17 Enthalpy Affects the Solubility of Salts  It takes a lot of energy to separate the ions from the crystal, so ΔH is positive.  As the polar ends of the water molecules approach the ions, energy is released, so ΔH is negative.

18 Entropy Affects the Solubility of Salts  Entropy increases as the ions are scattered throughout the solution, so ΔS is positive.  The entropy decreases as the water molecules are structured around the ions, so ΔS is negative.  The net result of all the enthalpy and entropy changes determine the solubility of an ionic solid.

19 Solubilities of Ionic Compounds  Solubilities of ionic compounds are difficult to predict because of the many factors involved.  They must be measured experimentally.  From experimental results of ionic solubilities in water, some patterns emerge.  Categories such as soluble and insoluble can be useful in many cases.

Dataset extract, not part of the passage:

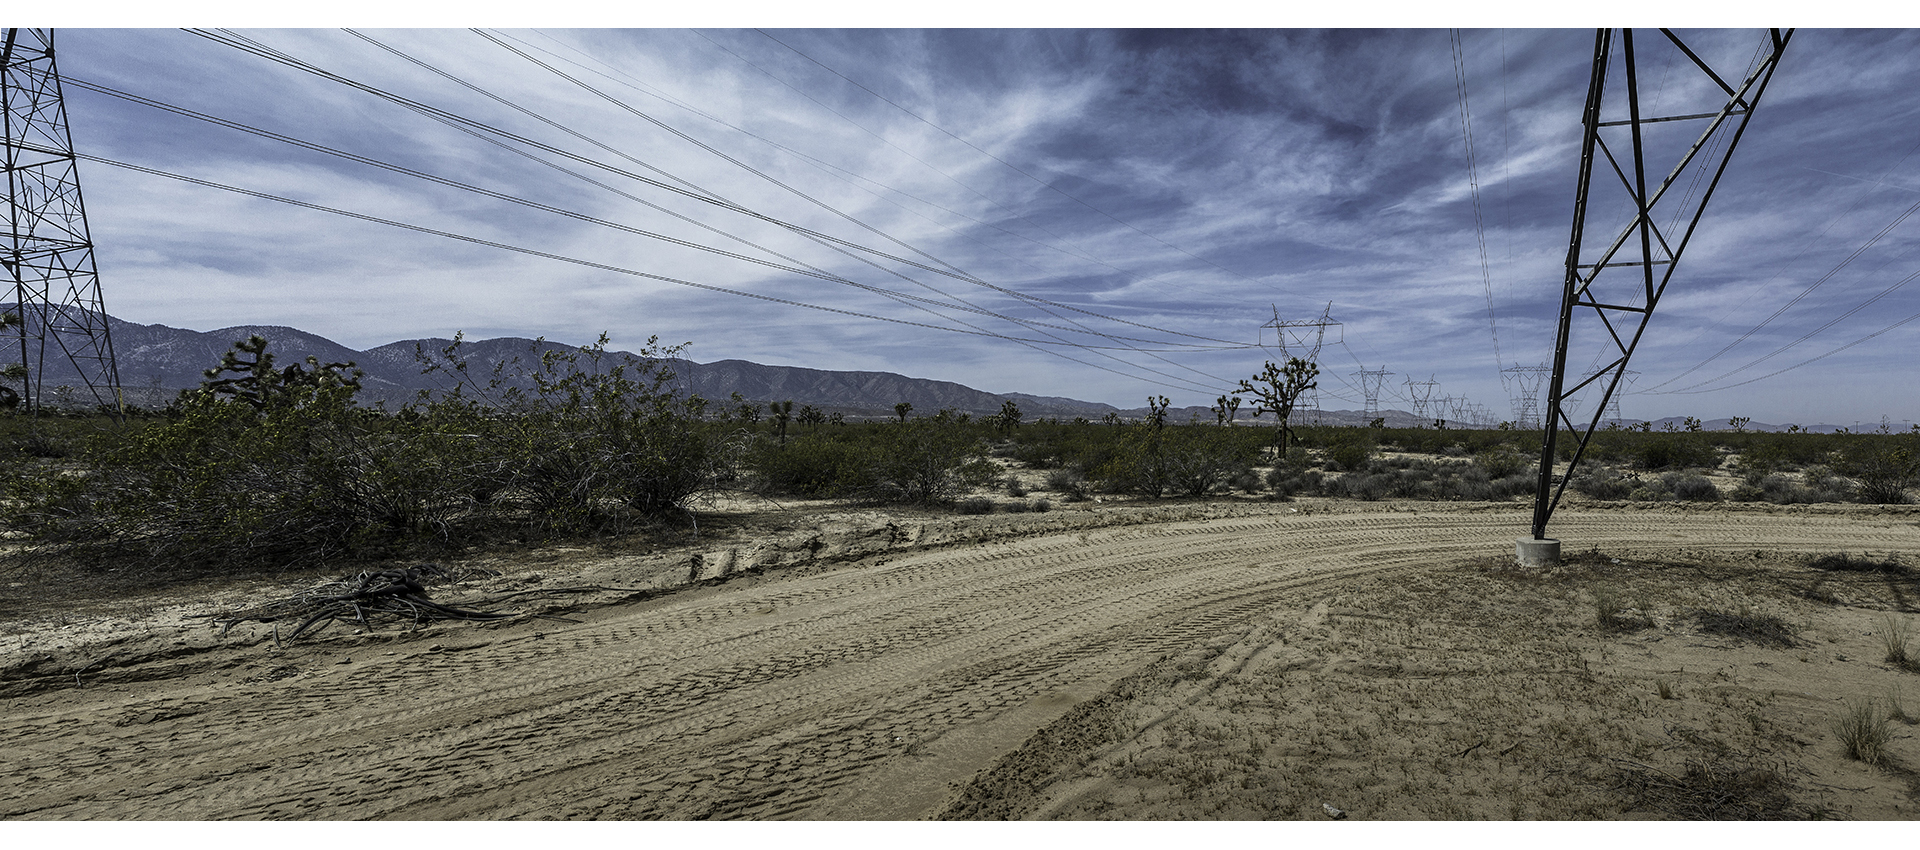 California©AntoninBonnet 5

20 Solubility Rules for Some Common Ionic Compounds

21 Saturation  Saturated solution: A solution that cannot dissolve any more solute under the given conditions.  In a saturated solution, some excess solute can remain undissolved. The mass that dissolves is equal to the solubility value for that temperature.  Unsaturated solution: a solution that contains less solute than a saturated solution and that is able to dissolve additional solute.

22 Mass of Solute Added Versus Mass of Solute Dissolved

23 Solubility can be Exceeded  Supersaturated solution: a solution holding more dissolved solute than what is required to reach equilibrium at a given temperature.  Supersaturated solutions have more solute dissolved than the solubility indicates would normally be possible, but only as long as there is no excess undissolved solute remaining.

24 Solubility Equilibrium  In a saturated solution, the solute is recrystallizing at the same rate that it is dissolving.

25 Solubility Equilibrium  It is a state of dynamic equilibrium. There is constant exchange, yet there is no net change.  Solubility equilibrium: the physical state in which the opposing processes of dissolution and crystallization of a solute occur at equal rates.

26 Gases Can Dissolve in Liquids  Gas solubility depends on pressure and temperature.  In a gas, there is low attraction between the molecules.  Henry’s law: at constant temperature, the solubility of a gas in a liquid is directly proportional to the partial pressure of the gas on the surface of the liquid. Pressure Solubility

27 Temperature Also Affects Gas Solubility  Gases are less soluble in liquids of higher temperature because the increased molecular motion in the solution allows gas molecules to escape their loose association with the solvent molecules.